30. Host name would be the ipaddress of the Lubuntu machine. To find that in your lubuntu machine enter command
Ifconfig

31. IP Address of my lubuntu machine is 192.168.xx.xxx

32. Enter the IP Address of your lubuntu machine in Winscp and click on login.

33. You would be prompted for username and password. Enter both as hduser

34. You will be connected to your lubuntu system on your right windows and windows system on the left. You can drag and drop and move files between system

35. Move the file hadoop-1.0.3.tar.gz file from windows to Lubuntu system under path /home/hduser/downloads

36. In the Lubuntu VM, go to folder path /home/hduser/downloads. Right click on hadoop-1.0.3.tar.gz file and click on extract

37. Rename the extracted folder from Hadoop-1.0.3 to Hadoop

38. Cut and move folder Hadoop to path /home/hduser

39. Now we need to make configurations in hadoop configuration file. You will find these files in "/home/hduser/hadoop/conf" folder.

40. There are 4 important files in this folder
hadoop-env.sh
hdfs-site.xml
mapred-site.xml
core-site.xml

41. hadoop-env.sh is a file which contains Hadoop environment related properties.
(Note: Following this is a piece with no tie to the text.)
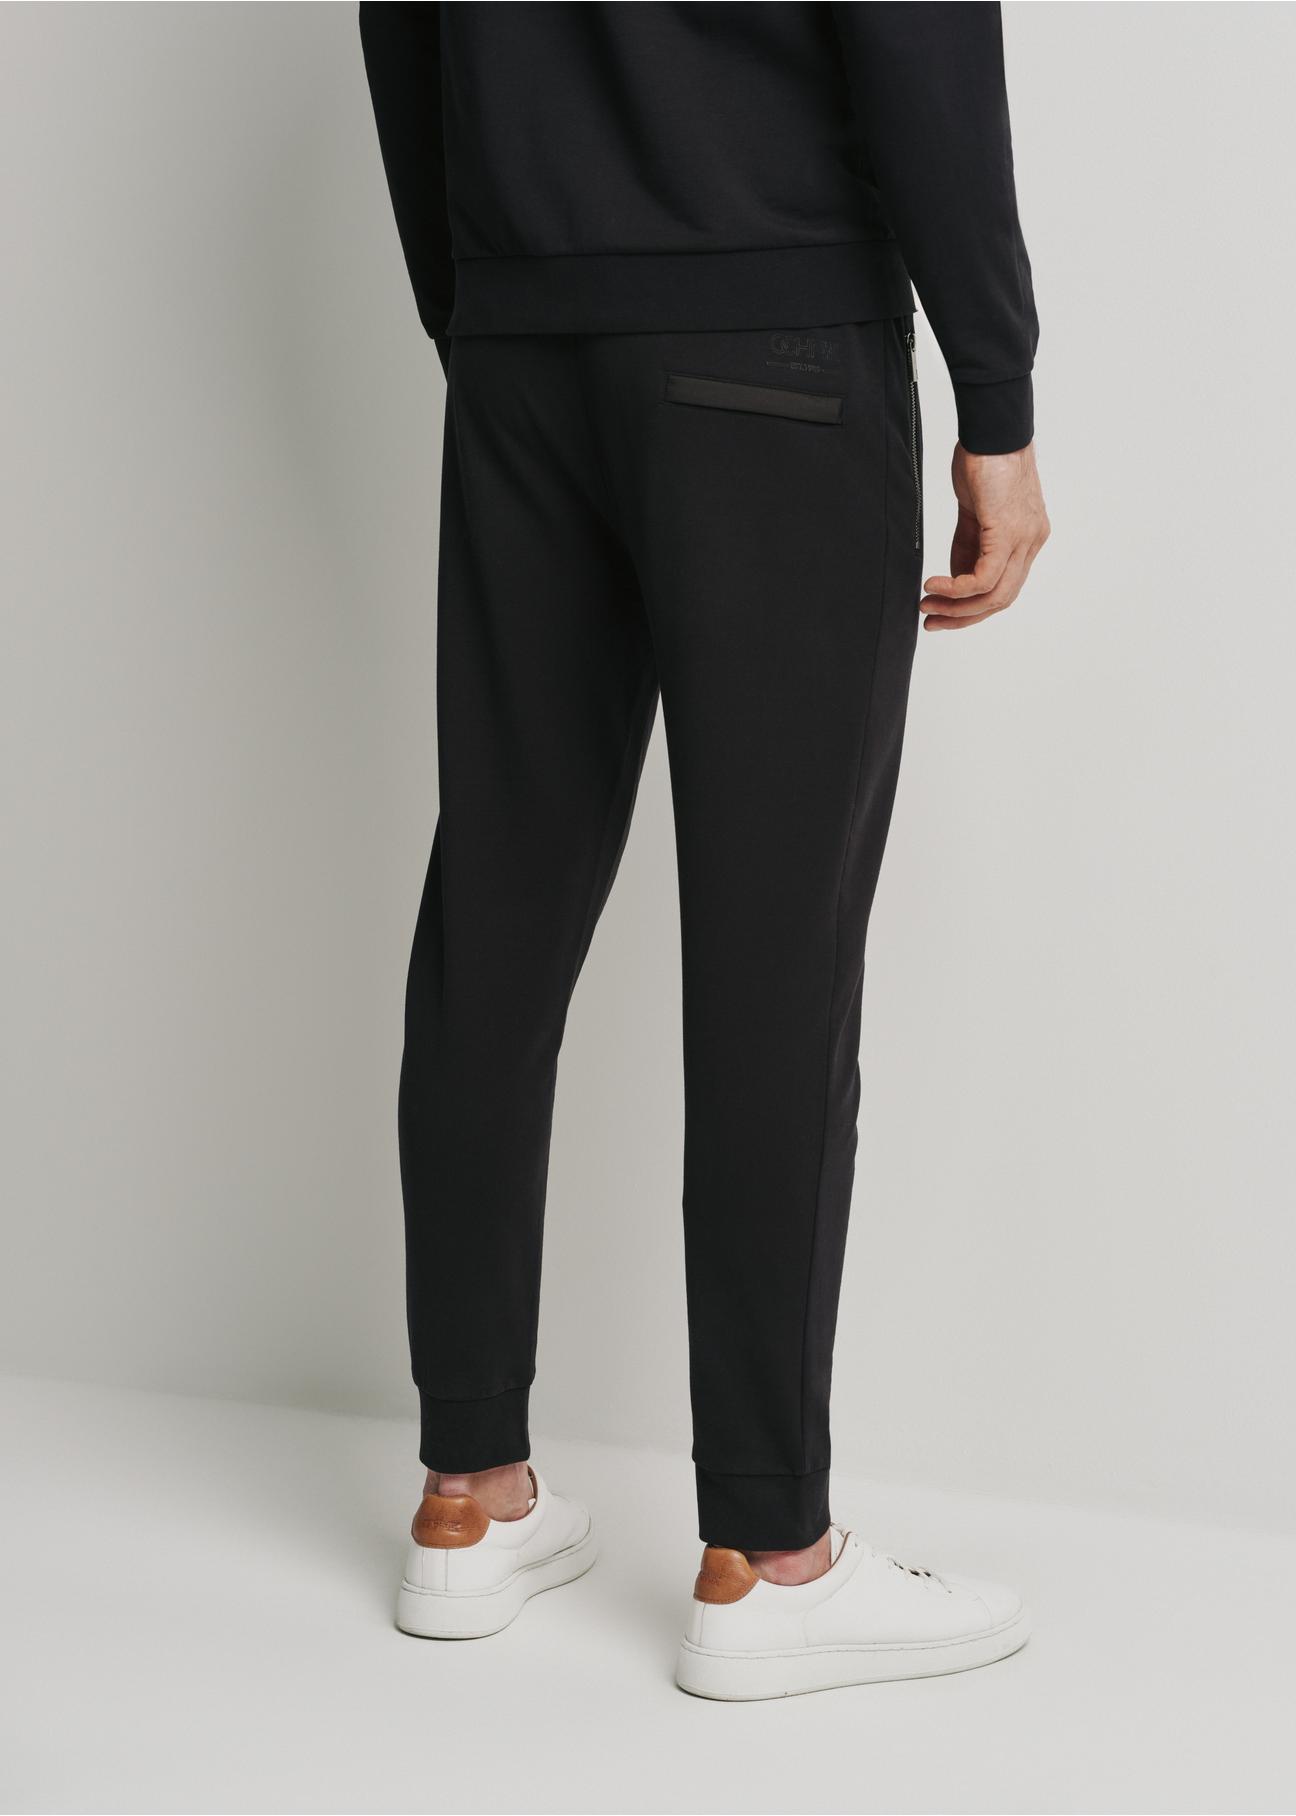 Czarne spodnie dresowe męskie SPOMT-0092-99(W24)

Here we can set properties like where is java home, what is heap memory size, what is class path of hadoop, which version of IP to use etc. we will set java home in this file. For me java home is "/usr/lib/jvm/java-6-openjdk-i386". Open the file using leafpad

42. Search for # export JAVA_HOME and replace the entire line with the below line in file and save.
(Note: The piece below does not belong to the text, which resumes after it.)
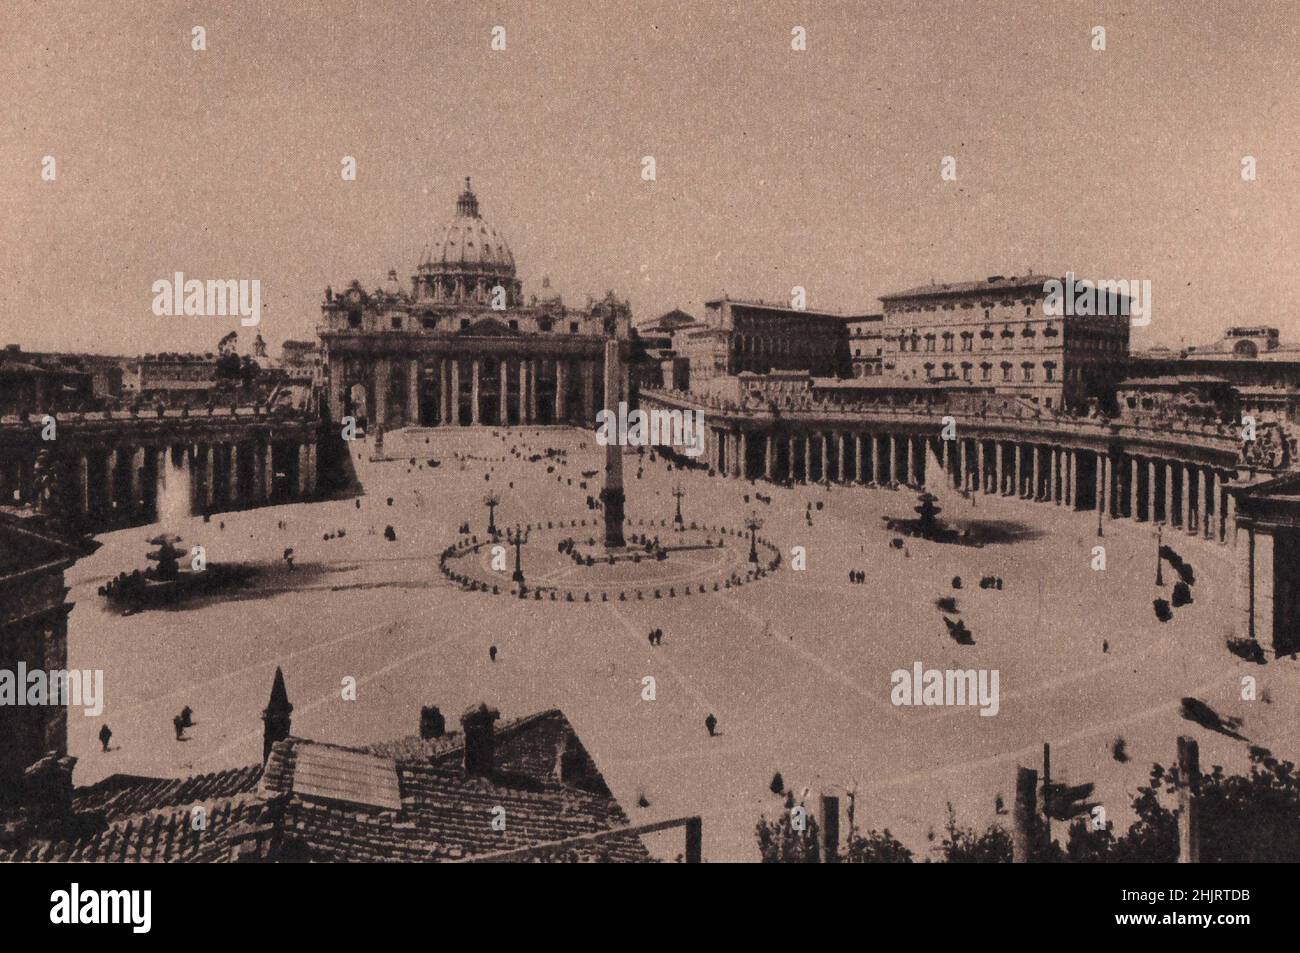 Derrière l'obélisque de la splendide Piazza di San Pietro se trouve Saint-Pierre, l'église principale de la chrétienté catholique romaine. Rome (1923) Banque D'Images

export JAVA_HOME=/usr/lib/jvm/java-6-openjdk-i386

43. hdfs-site.xml is file which contains properties related to hdfs(hadoop distributed file system.). We need to set here the replication factor here. By default replication factor is 3. Since we are installing hadoop in single machine. We will set it to 1. Copy following in-between the configuration tag in file.

<property>
<name>dfs.replication</name>
<value>1</value>
<description>Default block replication.
The actual number of replications can be specified when the file is created.
The default is used if replication is not specified in create time.
</description>
</property>

44. mapred-site.xml is a file that contains properties related to map reduce. we will set here ip address and port of machine on which job tracker is running. copy following in between configuration tag

<property>
<name>mapred.job.tracker</name>
<value>localhost:54311</value>
<description>The host and port that the MapReduce job tracker runs
at. If "local", then jobs are run in-process as a single map
and reduce task.
</description>
</property>

45. core-site.xml is property file which contains property which are common or used by both map reduce and hdfs. here we will set ip address and port number of machine on which namenode will be running. Other property tells where should hadoop store files like fsimage and blocks etc. Copy following in between configuration tag.

<property>
<name>hadoop.tmp.dir</name>
<value>/home/hduser/hadoop_tmp_files</value>
<description>A base for other temporary directories.</description>
</property>

<property>
<name>fs.default.name</name>
<value>hdfs://localhost:54310</value>
<description>The name of the default file system. A URI whose
scheme and authority determine the FileSystem implementation. The
uri's scheme determines the config property (fs.SCHEME.impl) naming
the FileSystem implementation class. The uri's authority is used to
determine the host, port, etc. for a filesystem.</description>
</property>

46. Open terminal and format namenode with the following command. Namenode should be formatted only once, before you start using your hadoop cluster. If you format namnode later, you will lose all the data stored on hdfs. Notice that "/home/hduser/hadoop/bin/" folder contains all the important scripts to start hadoop, stop hadoop, access hdfs, format hdfs etc.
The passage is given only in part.